A vault carved into the Arctic permafrost and filled with samples of the world's most important seeds was inaugurated today, providing a 'Noah's Ark' of food crops in the event of a global catastrophe.
Aimed at safeguarding biodiversity in the face of climate change, wars and other natural and man-made disasters, the new seed bank has the capacity to hold up to 4.5m batches, or twice the number of crop varieties believed to exist in the world today.
In sub-freezing temperatures, Kenyan environmentalist and Nobel Peace Prize winner Wangari Maathai and Norwegian Prime Minister Jens Stoltenberg inaugurated the vault by symbolically depositing a box containing grains of rice in one of its three spacious cold chambers.
Norway has assumed the entire €6m charge for building the so-called 'doomsday vault' in its Arctic archipelago of Svalbard, around 1,000km from the North Pole.

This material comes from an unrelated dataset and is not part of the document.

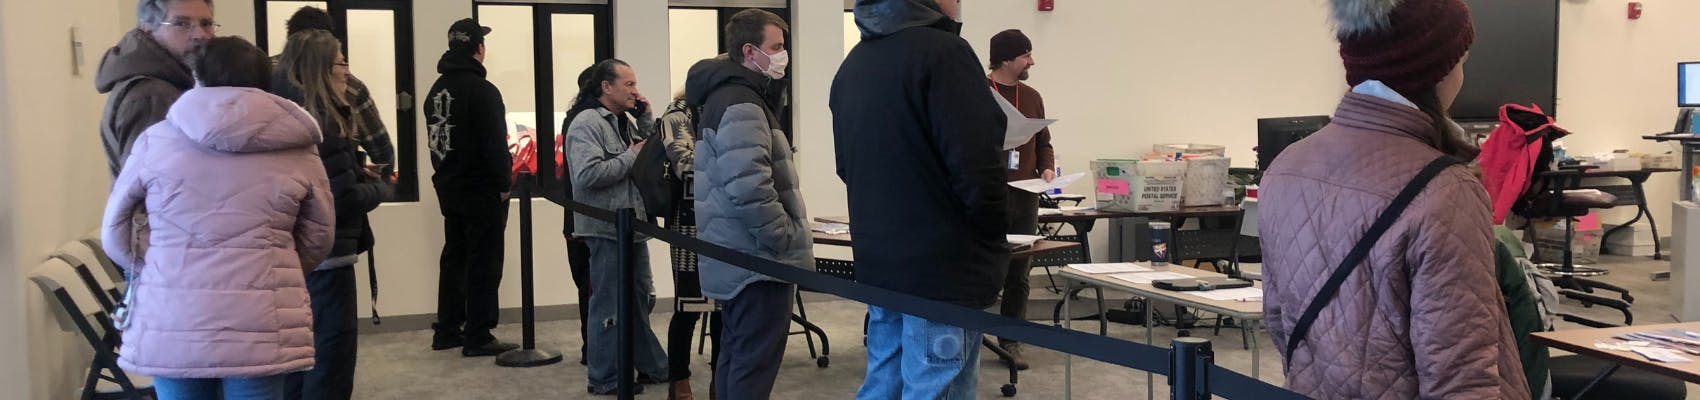 Line of voters at Missoula County Election Center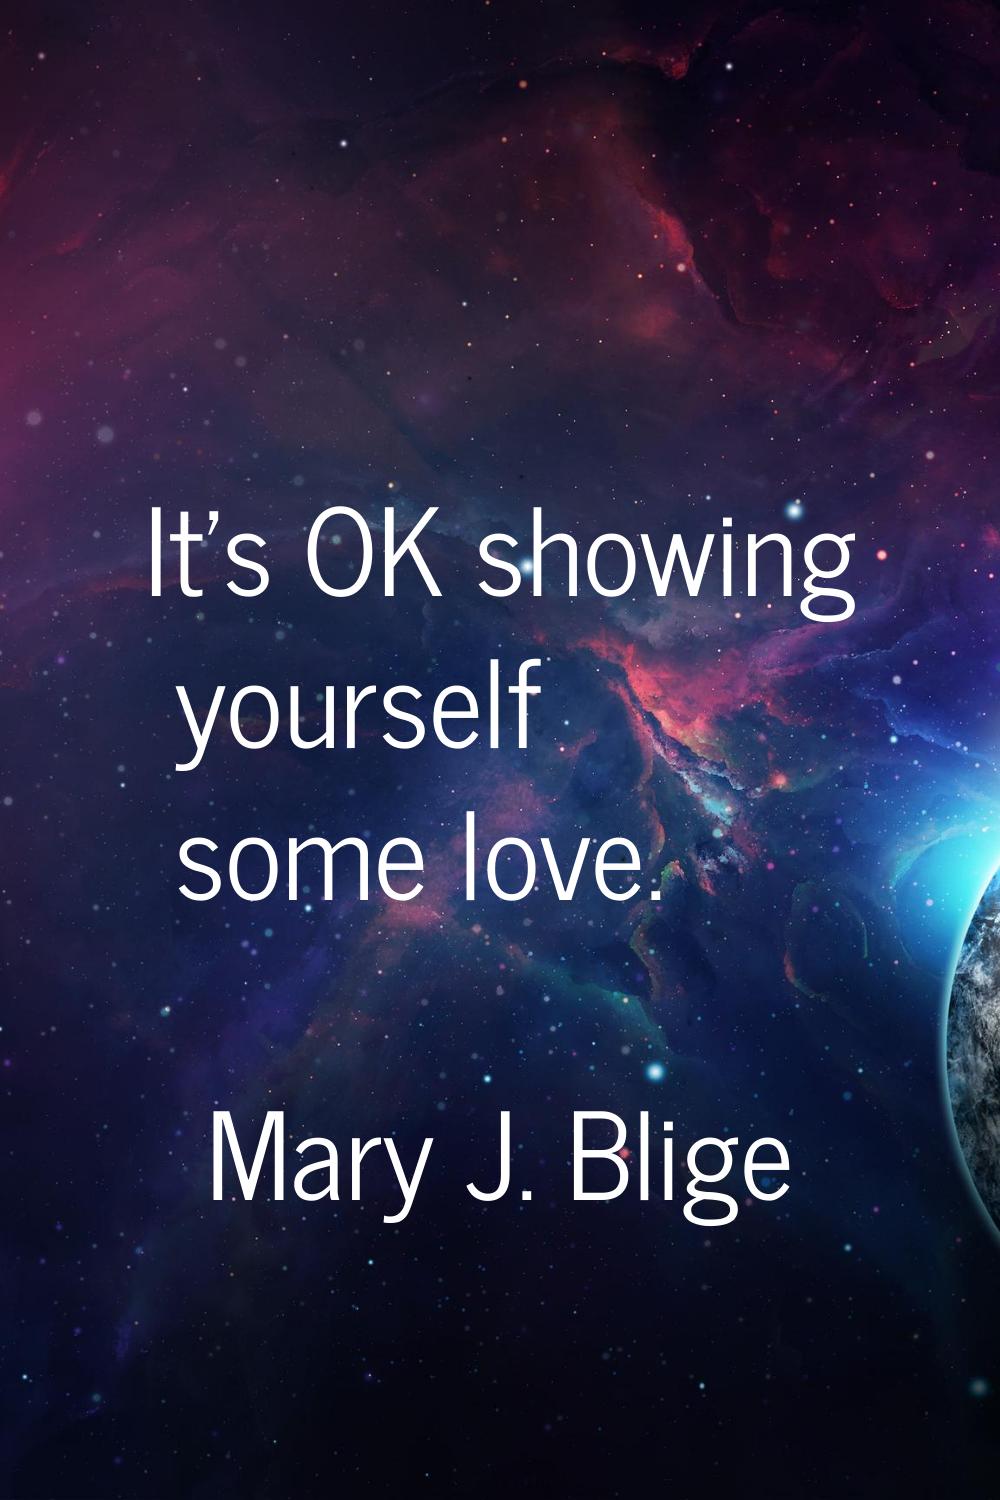 It's OK showing yourself some love.

Overlooking a fjord, the vault forms a long trident-shaped tunnel bored deep into the sandstone and limestone.
Metal shelves lining each of the three cold chambers will be stacked with airtight bags filled with seed samples, though just one of the chambers will be needed in the initial period.
Some 268,000 samples, which are duplicates of seed samples from 21 seed banks around the world, are already stored in the new vault at a constant temperature of -18C.
Even if the freezer system fails, the permafrost will ensure that temperatures never rise above -3.5C.
Contributions from the more than 1,300 other seed banks worldwide are expected at a later date.
Protected by high walls of fortified concrete, an armoured door, a sensor alarm and the native polar bears that roam the region, the Svalbard Global Seed Vault has been built 130m above current sea level.
That puts it high enough to escape flooding if the Greenland and Antarctic ice sheets were to melt entirely, due to global warming.
The concrete cocoon has also been built to withstand nuclear missile attacks.